While the evolution of fractal forms is influenced by natural selection, the maximization of entropy production appears to be a fundamental mechanism underlying the self-affine fractal dimensions observed in organisms. Organisms with lower entropy production are typically constrained by external factors, such as gravity and resource availability, leading to a diversity of body forms that optimize resource utilization under specific environmental conditions.

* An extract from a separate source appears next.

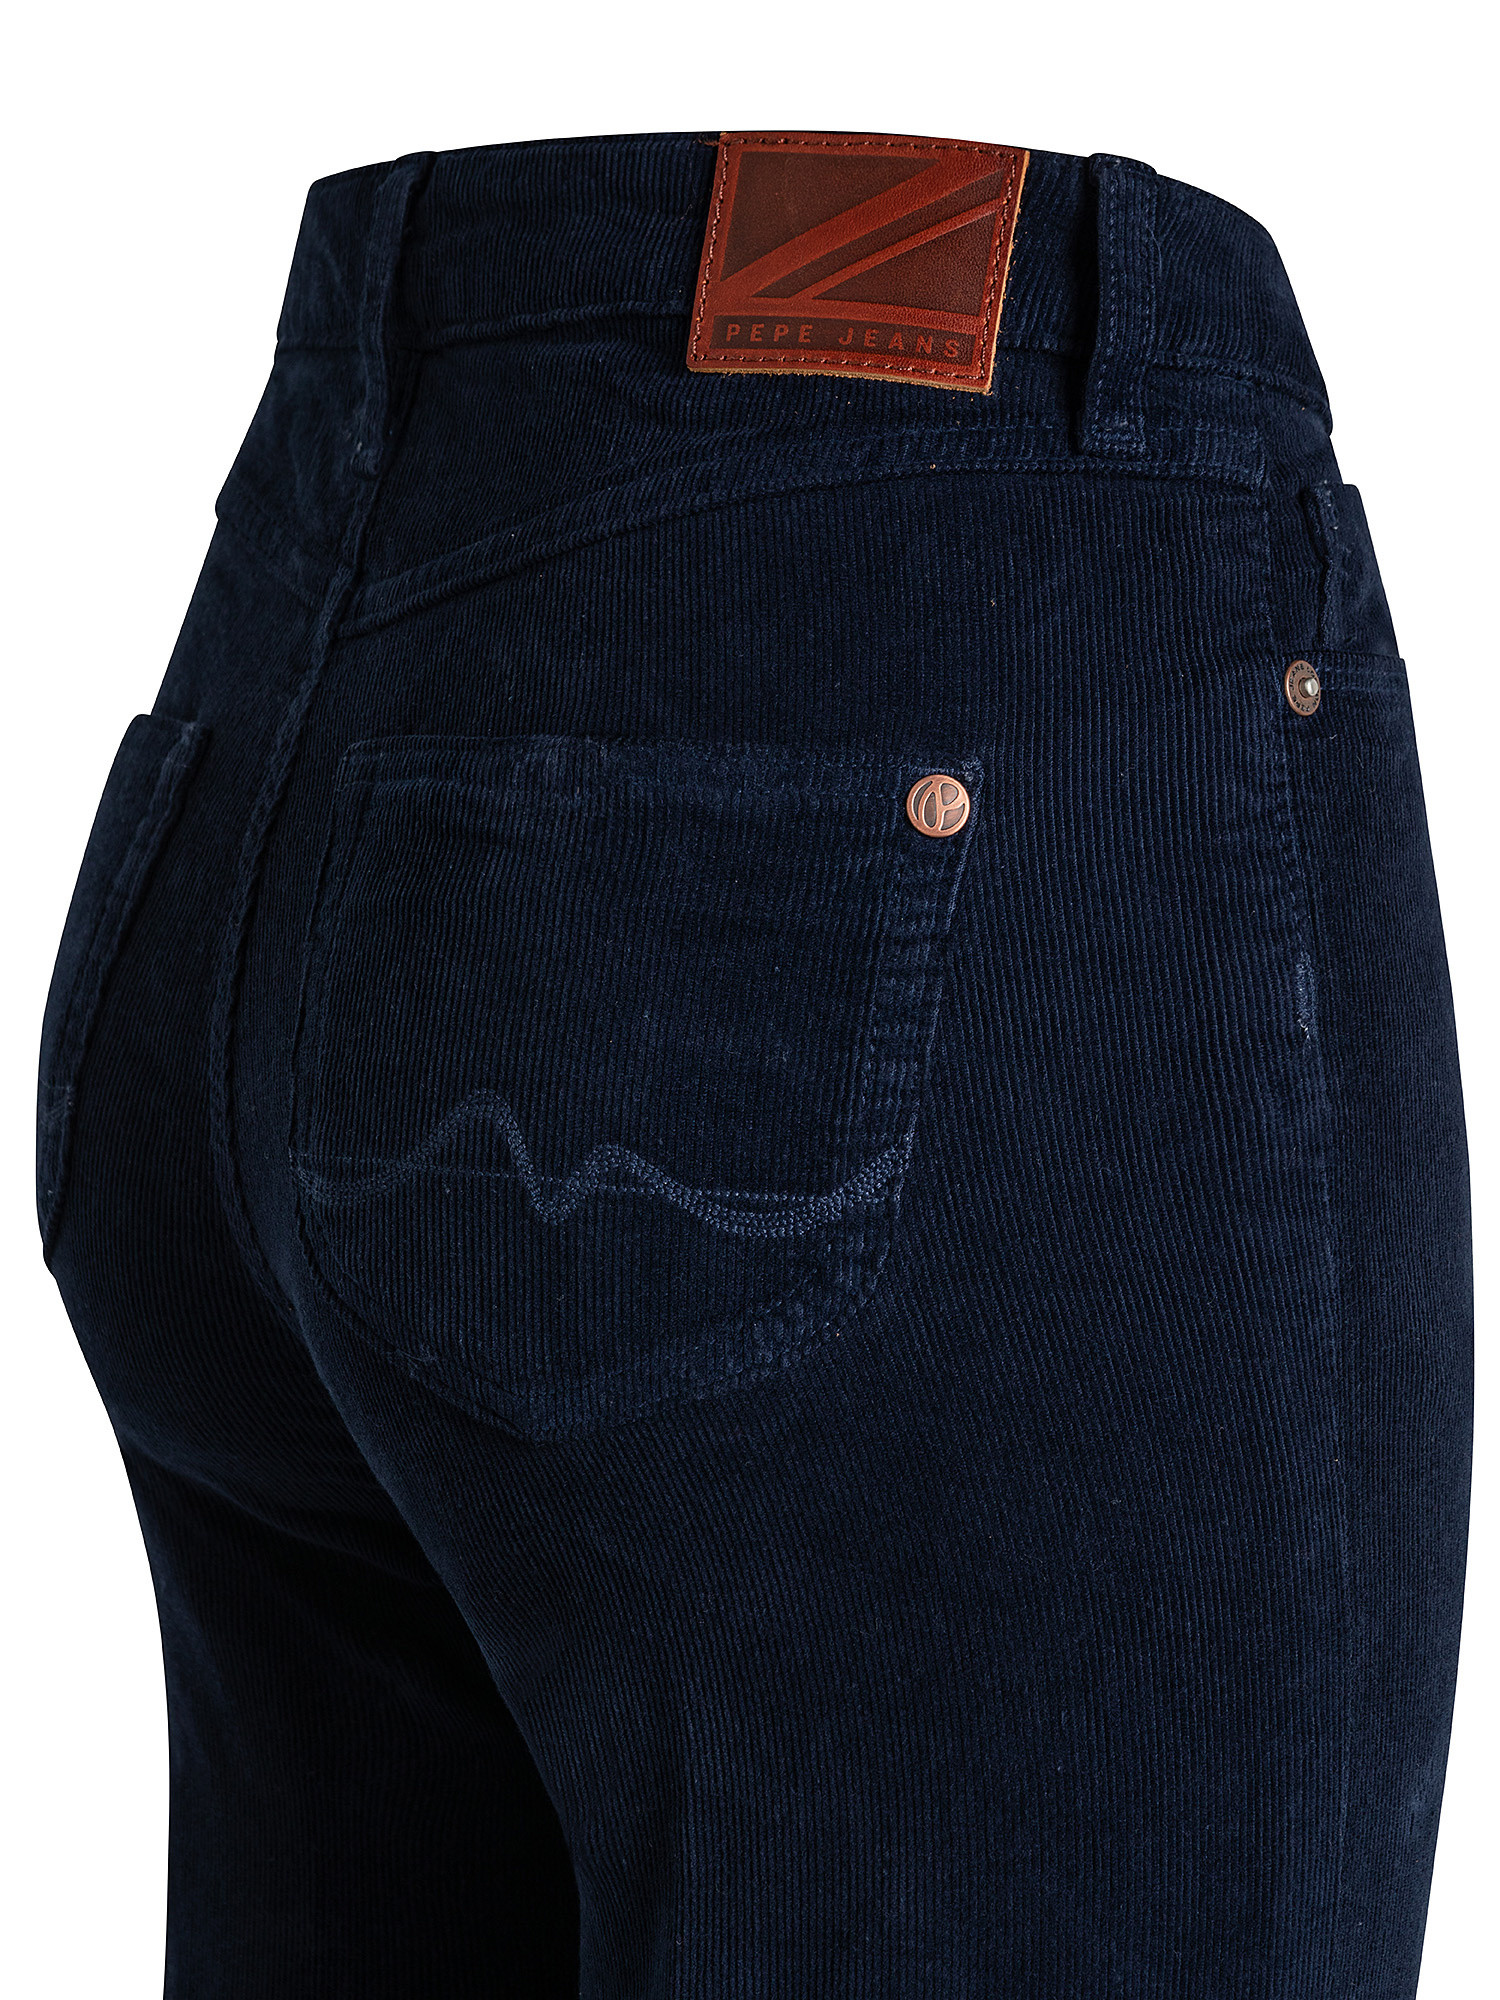 Pantaloni Willa, Blu scuro, large image number 2

In 1985, Sernetz et al. suggested considering the organism as a "bioreactor"—a volume-area hybrid where fractal surfaces maximize exchange through turbulent and diffusive motions. This view aligns with MST and supports the idea that fractal geometry in organisms reflects an optimization of mass transfer mechanisms. Although Mandelbrot (1982) suggested that self-affinity lacked a universally valid reduction to basic principles, the fundamental processes of fractional Brownian motion, Fickian diffusion, and convective motion by pulsatile or capillary action provide sufficient explanations for the emergence of self-affine fractal geometry in life forms.

Toward a Unified Theory¶

In ecology, the Zipf-Mandelbrot law has been used to describe relative abundance distributions (RAD) and species abundance distributions (SAD). Ecologists considering fractal analyses should be aware of the distinctions between self-similar and self-affine fractals, ensuring the appropriate methods are used for deriving affine fractal dimensions. The techniques used in this study, such as differential box counting and lacunarity analysis, are well-suited for spatial fractal dimensions in grayscale images, but other techniques (e.g., power spectrum analysis, detrended fluctuation analysis, rescaled range analysis) may offer further insights into fractal behavior in ecosystems.

Further exploration of the fractal geometry of organisms may help to resolve questions about the role of entropy production in determining fractal dimensions. The authors believe that a unification of thermodynamics, information theory, the reduction law of metabolism, and Darwinian evolution could provide a comprehensive framework for understanding the fractal nature of life.